Narrow regions/surfaces are also recognized using the characteristic value of e. The distance, d_{i} from the endpoints of each curve in the surface to the other curves in the surface are computed and compared to e. When d_{i}<e other points on the curve are sampled to identify the beginning and end of the narrow region. If the narrow region encompasses the entire surface, the surface is classified as a narrow surface. If the region contains only a portion of the surface, it is classified as a surface with a narrow region.

* Solutions:* ITEM provides four different solutions for eliminating small and narrow surfaces from the model. The first solution uses the regularize operation. Regularize is a real operation provided by the solid modeling kernel that removes unnecessary/redundant topology in the model. In many cases a small/narrow surface's definition may be the same as a surface next to it and therefore the curve between them is not necessary and can be regularized out. An example of regularizing a small/narrow surface out is shown in Figure 3.

The second solution for removing small/narrow surfaces uses the remove operation. Remove is also a real operation provided by the solid modeling kernel. However, it differs from regularize in that it doesn't require the neighboring surface(s) to have the same geometric definition. Instead the remove operation removes the specified surface from the model and then attempts to extend and intersect adjacent surfaces to close the volume. An example of using the remove solution is shown in Figure 4.
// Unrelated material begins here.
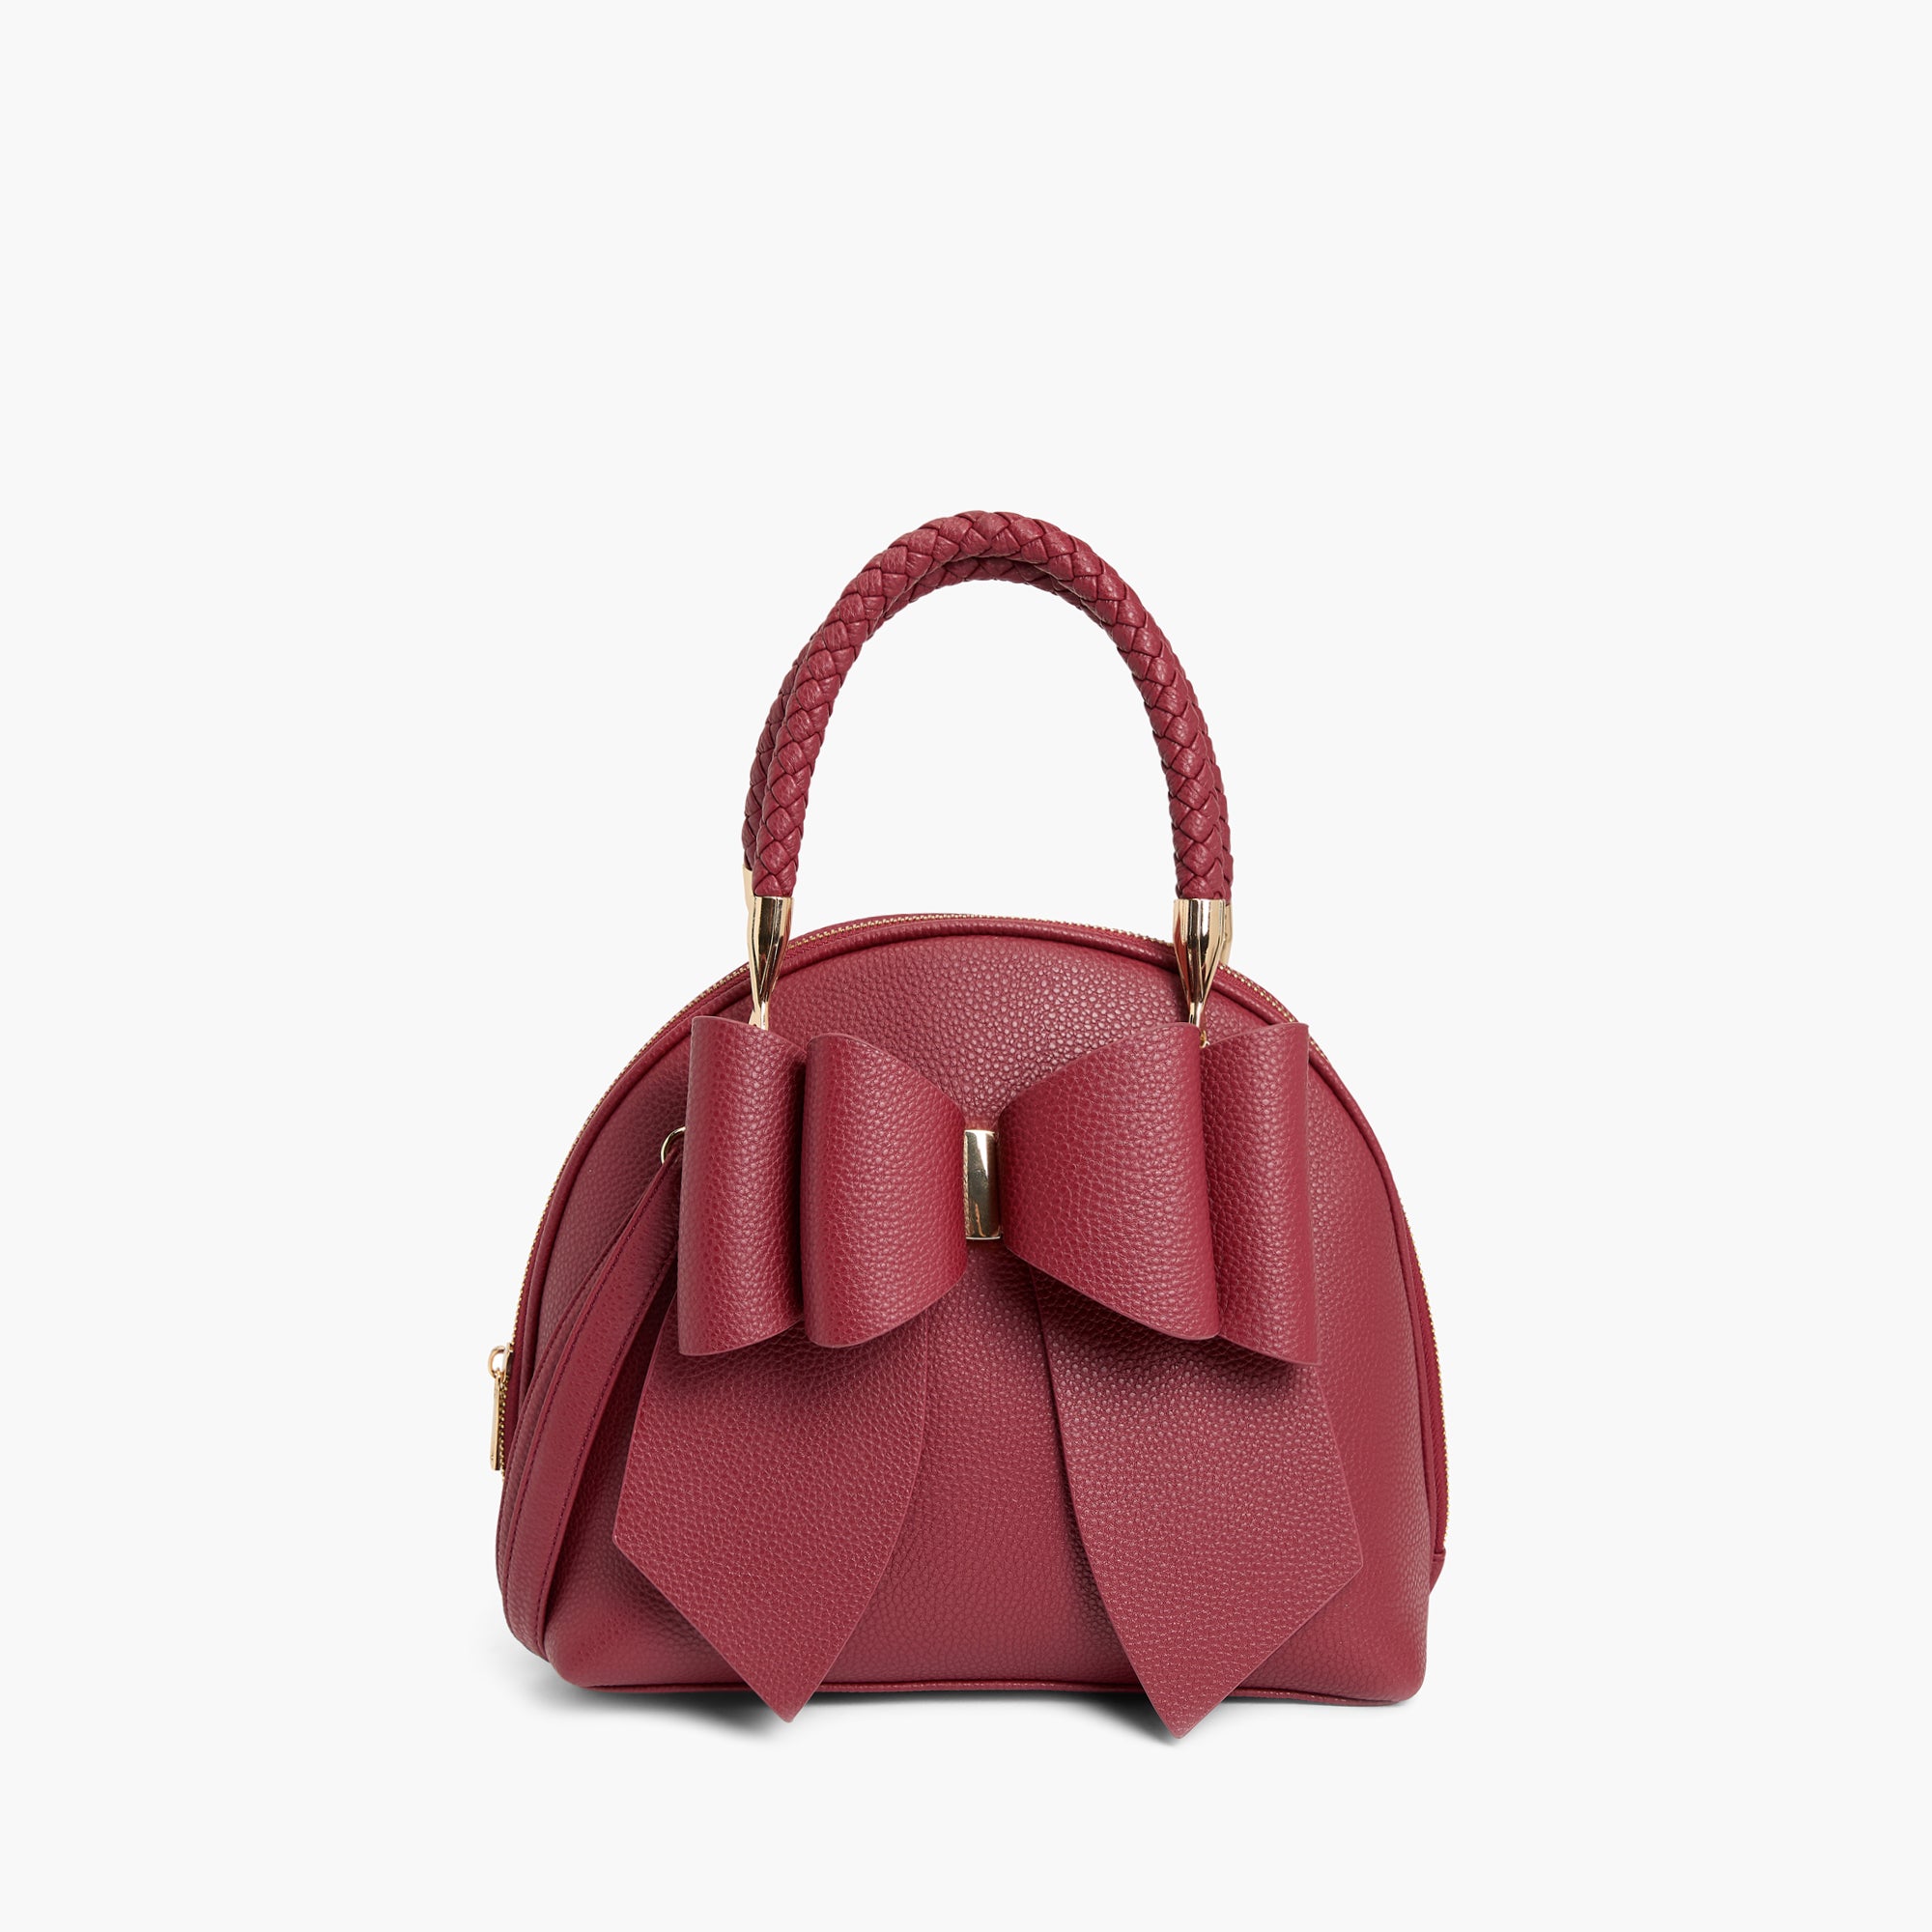 The Top Handle Bow Bag

The third solution for removing small/narrow surfaces uses the virtual composite operation to composite the small surface with one of its neighbors. This is very similar to the use of composites for removing small curves. An example is shown in Figure 5. The final solution for removing small/narrow surfaces uses the remove topology operation (Clark, 07). The remove topology operation behaves the same as when used for removing small curves in that it cuts out the area of the model around the small/narrow surface and replaces it with a simplified topology. In the case of a small surface where all of the curves on the surface are smaller than the characteristic small curve length, the small surface is replaced by a single vertex. In the case of a narrow surface where the surface is longer than the characteristic small curve length in one of its directions, the surface is replaced with a curve. The remove topology operation can be thought of as a local dimensional reduction to simplify the topology. The remove topology operation can also be used to remove networks of small/narrow surfaces in a similar fashion. Examples of using the remove topology solution to remove small/narrow surfaces are shown in Figures 6 and Figure 7.